Maybe that’s our problem—we’ve been to too many fish markets.
Seems like when we go fishing for men, we don’t want anything messy. The only ones we look for are the WASPs with nuclear families, unfettered by problems of any sort. That’s where we build our meetinghouses, pass out our meeting announcements, and do our mass mailings. We don’t want people with built-in problems, people overcoming addictions, people with messy family lives, people with “big bad sins” in their history. No one wants a “high maintenance” convert who needs our support, our encouragement, our patience, and certainly not our time! In fact, once a long time ago, Keith was chastised for “bringing the wrong class of people to church.”

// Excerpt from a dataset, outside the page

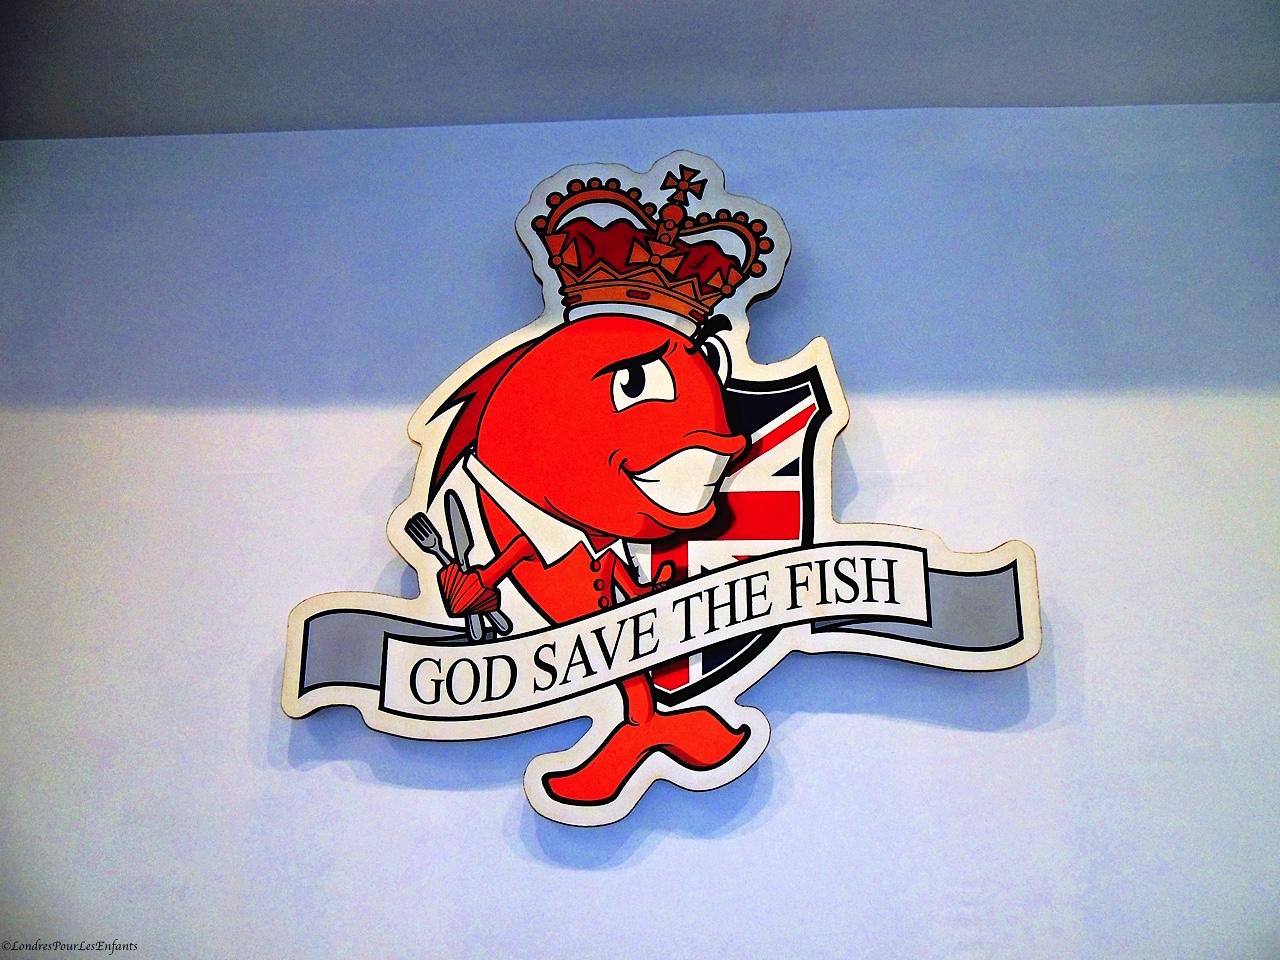 God save the fish 20 3

To whom did Jesus go? Now all the publicans and sinners were drawing near to him to hear him, Luke 15:1, and I seem to remember a woman who had been married five times and was living with another man, John 4:18. Would we have even given them the time of day?
Jesus only appeals to those who need him, and unfortunately, people who have no “big” problems, no obvious needs, seldom think they need anyone. It usually takes a crisis to wake them up. So why are we so insistent upon turning our efforts to teach the gospel to the very ones who are least likely to listen?
Maybe we no longer want to be fishers of men. The “cleaning” is too messy, too difficult, too heart-wrenching, and too time-consuming. Instead of being fishers of men, as the old saying goes, we just want to be keepers of the aquarium, with a built-in filter (preacher) and someone else to feed the fish (elders and class teachers) so we can swim around in a pretty glass box with plastic mermaids and divers, and live our lives unbothered by things like helping one another grow to spirituality, and scraping the algae off our souls.
Maybe we have forgotten, or never even knew, the mindset of the first century church—a dynamic group of people, spreading God’s word to everyone they met, trying to take as many “fish” as they could to Heaven with them, regardless of how messy their lives were.
Maybe someone needs to come fishing for us again.
And the scribes of the Pharisees, when they saw that he was eating with the sinners and the publicans, said unto his disciples, “How is it that he eats and drinks with publicans and sinners?” And when Jesus heard it, he said to them, “They that are whole have no need of a physician, but they that are sick. I came not to call the righteous, but sinners,” Mark 2:16,17.